Tali esempi evidenziano che l’adattamento si rivela spesso più efficace della mitigazione.
Le politiche di adattamento al clima che cambia
Il fatto che la crisi climatica non sia a tutt’oggi evidente ci dice che abbiamo ancora tempo per progettare e porre in atto strategie di adattamento efficaci e sostenibili volte a migliorare la resilienza dei sistemi socio-economici e ambientali. Ad esempio, nel caso della siccità, ci si può adattare sia adottando tecniche di agricoltura conservativa che ottimizzano lo sfruttamento delle risorse idriche durante i periodi di scarsità sia promuovendo l’uso dell’irrigazione tramite la creazione di bacini idrici artificiali, che possono anche contribuire alla produzione di energia rinnovabile e alla prevenzione delle inondazioni. Nel caso invece degli incendi boschivi, le misure di adattamento includono la gestione razionale della lettiera forestale, l’istituzione di fasce tagliafuoco per prevenire la propagazione degli incendi e il mantenimento di adeguati servizi antincendio.
Per promuovere efficaci politiche di adattamento è estremamente importante:
- Migliorare e standardizzare le attività di monitoraggio in modo tale da disporre di dati di alta qualità e prodotti con regolarità in grado di orientare le scelte.
- Promuovere l’innovazione tecnologica a base scientifica come base per le strategie di adattamento al clima che cambia.
La nostra proposta è pertanto quella di adottare indicatori quantitativi di crisi climatica da aggiornare annualmente (e qui si potrebbero utilizzare gli indicatori proposti nel nostro articolo o altri, da scegliere comunque su base razionale) e di divulgarli alla collettività allo scopo di favorire la scelta delle priorità da parte dei decisori politici che operano ai diversi livelli (dai comuni alle entità sovrannazionali).
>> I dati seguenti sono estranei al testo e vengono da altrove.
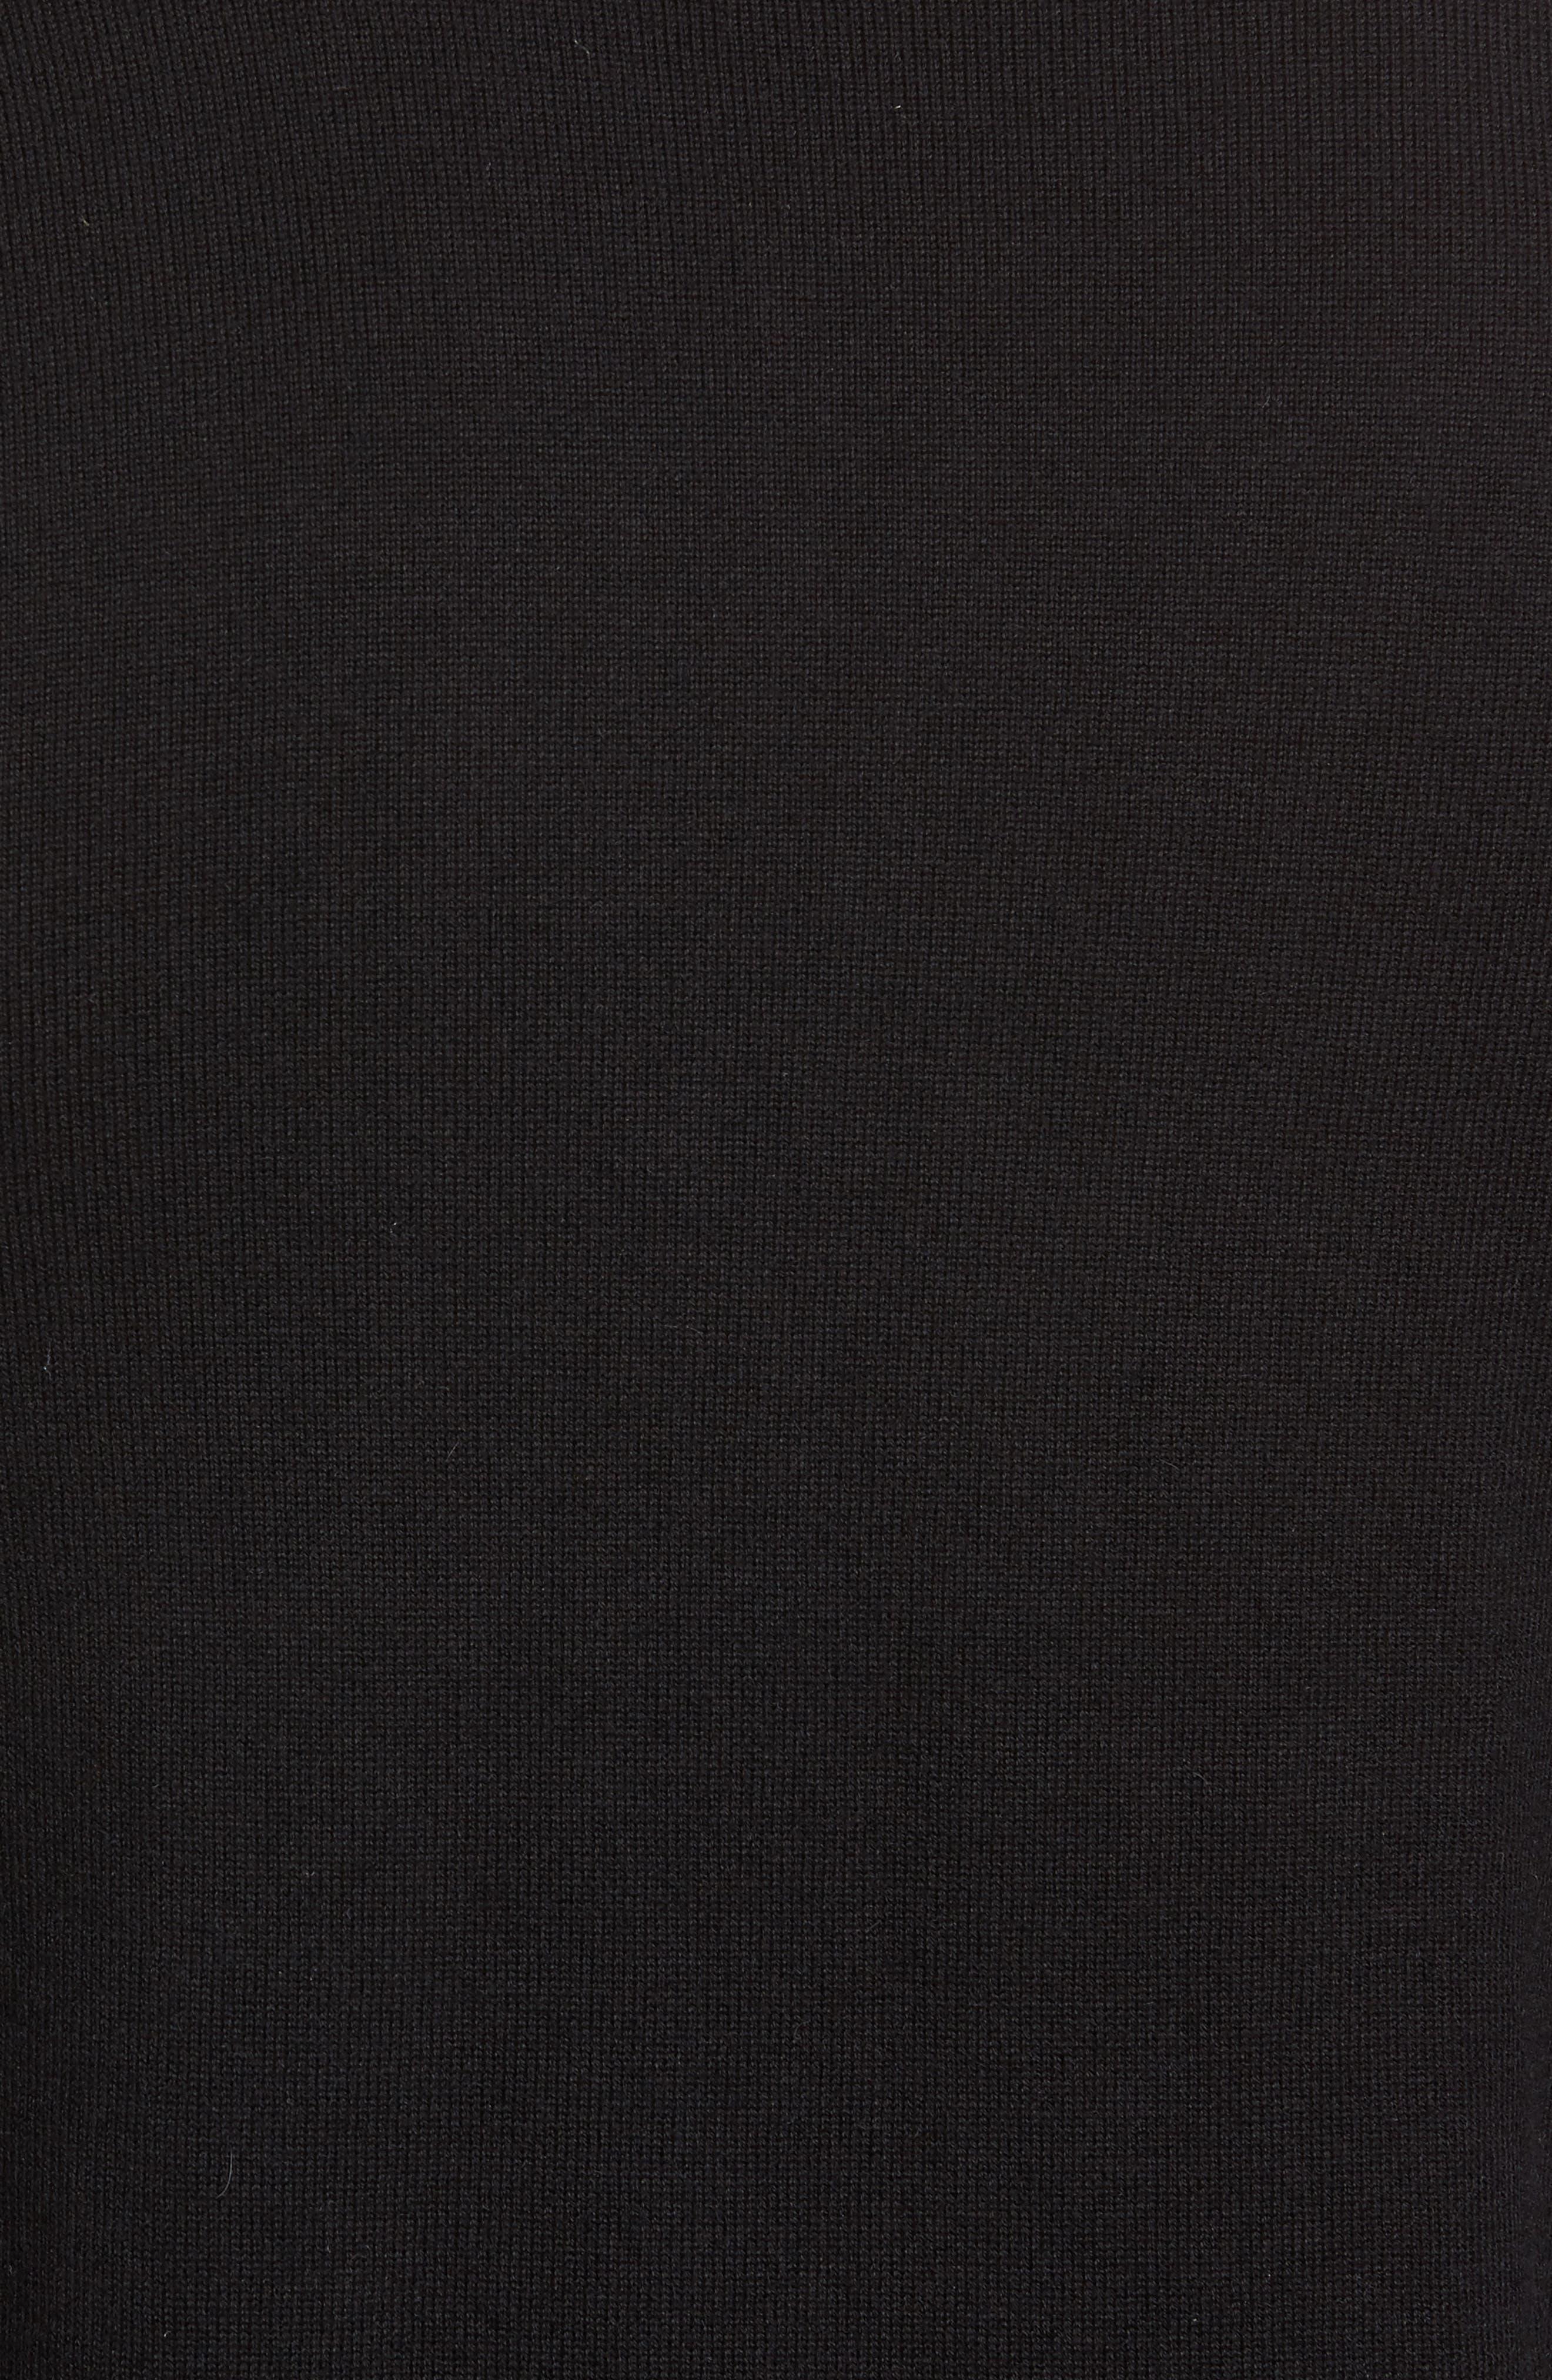 Cedric Cotton & Cashmere Sweater,                             Alternate thumbnail 5, color,                             La Nouvelle Vague True Black
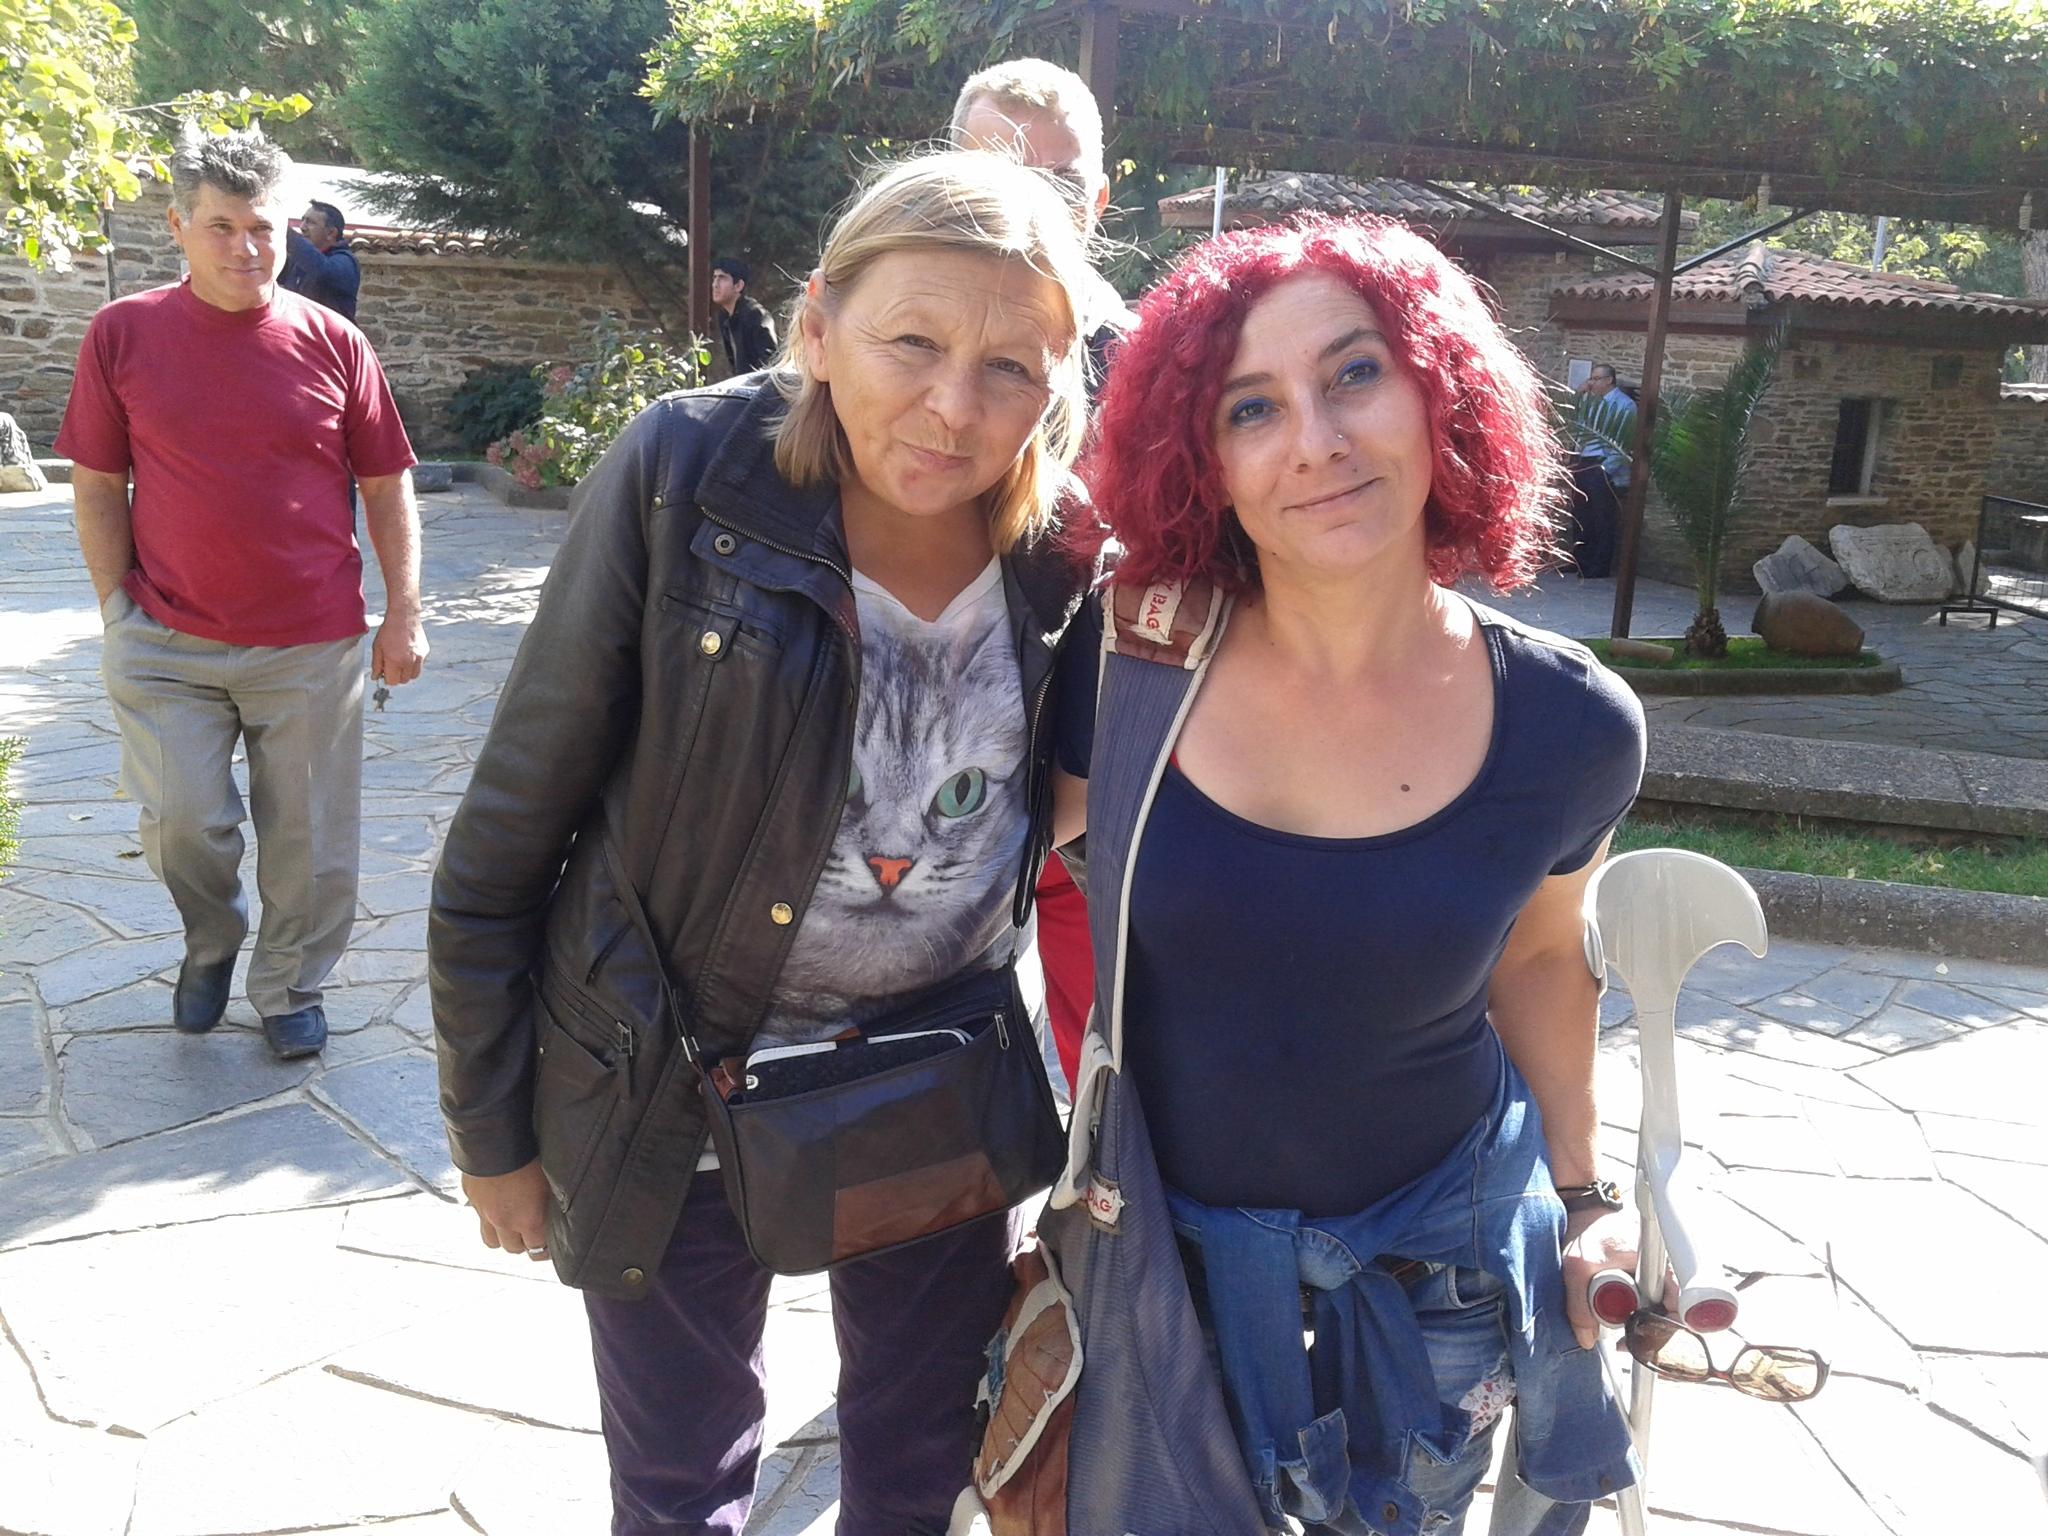 Z1ovAz - [Üye buluşması] İzmir Ödemiş'de buluşturuyoruz | 31 Ekim - 2 Kasım 2014

La speranza è che ciò possa favorire un approccio equilibrato che integri strategie di mitigazione e adattamento per affrontare gli effetti negativi della variabilità e del cambiamento climatico. Ciò sull’esempio di quanto fecero gli Stati Uniti d’America negli anni ’30 del XX secolo con la politica del New Deal, voluta dal presidente Franklin Delano Roosevelt di fronte alla crisi climatica indotta dalla mega-siccità nota come Dust Bowl, che produsse la desertificazione di vaste aree del Paese.
Concludendo possiamo affermare che se installare pannelli fotovoltaici o utilizzare auto elettriche può rivelarsi utile nell’ottica della transizione energetica, per evitare disastri quali quelli che hanno colpito la Romagna nel 2023 e nel 2024 è assai più efficace investire nella cura e manutenzione del territorio.